Вообще-то, надо было бы поспешить. Еще с ужином нужно матери помочь. Но та всегда ее все торопит, торопит, а ведь ей просто необходимо когда-то остаться наедине с собой. В такой большой семье, как у них, не так-то легко сосредоточиться на чем-то своем, личном, подумать, поразмышлять.

А подумать есть о чем. Ей пятнадцать с половиной, большинство сверстниц уже замужем, вот только еще Селест Дюбеи осталась, но она на полгода моложе. Уже начались всякие шуточки по адресу Солей: чего, мол, она ждет?

Солей и сама не знача. Ухажеров хватало, только в Гран-Пре их не меньше четырех. Да еще этот парень, Гарно его фамилия, из Бобассена, который протанцевал с ней чуть не до утра на свадьбе у Агаты, да еще тот, из Аннаполис-Руаяль, как его там, уже забыла. Впрочем, он-то уж Солей никак не подходит: зачем ей нужен мужчина, который пить не умеет?

По правде говоря, никто ей не нужен.
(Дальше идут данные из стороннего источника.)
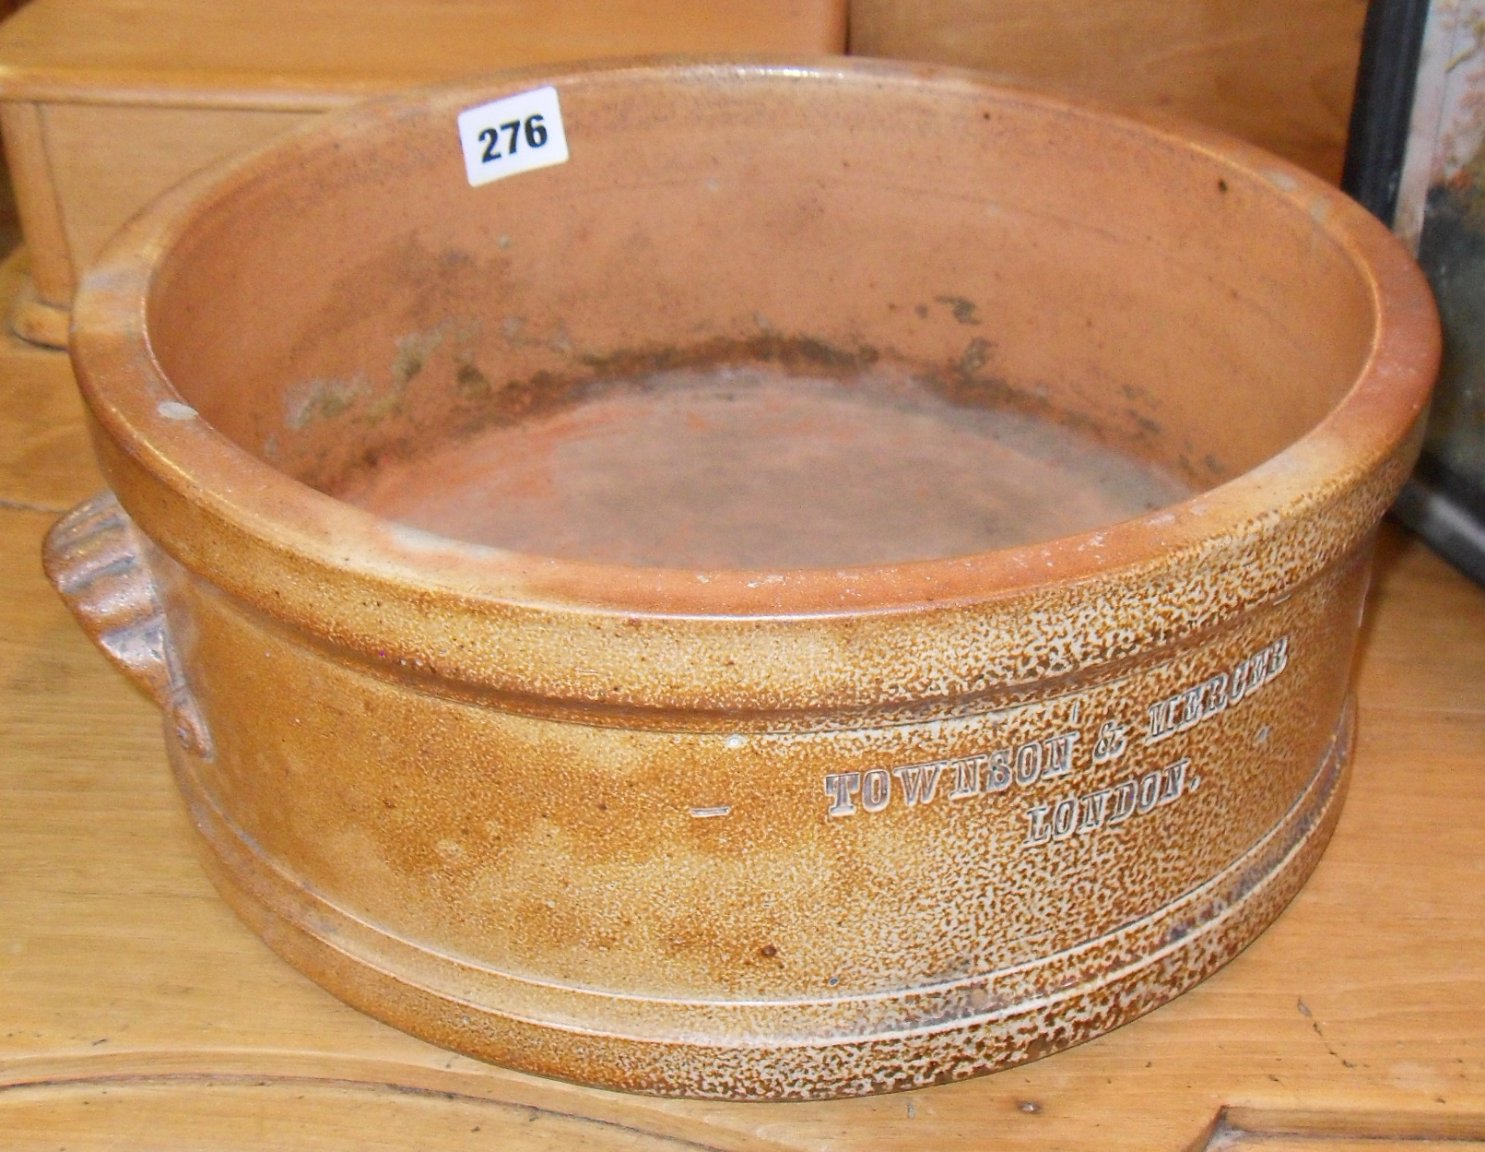 Lambeth salt-glazed stoneware planter with impressed name of Townson & Mercer, London

Ей и так вполне хорошо, в своей семье. Нет, конечно, было бы здорово влюбиться без памяти, встретить такого красивого, сильного, смелого, чтобы не раздумывая, как в омут… Беда в том, что в Гран-Пре таких что-то не видно, а отсюда она вряд ли когда-нибудь выберется. Не знаешь, что и делать. Ведь если она не найдет себе парня по вкусу, родители сами подберут ей жениха, который понравится им, а не ей.

— Солей! Подожди!

Она повернулась на знакомый голос, остановилась. Ее догонял старший брат, Луи.

Его Солей любила больше других, и он ее тоже. Когда она родилась, ему было десять, мать тогда едва не померла, долго болела, и именно Луи ухаживал за сестренкой: кормил из рожка, менял пеленки, учил ходить, оберегал от опасностей. Если у кого она и попросит совета, так это, конечно, у него, у Луи.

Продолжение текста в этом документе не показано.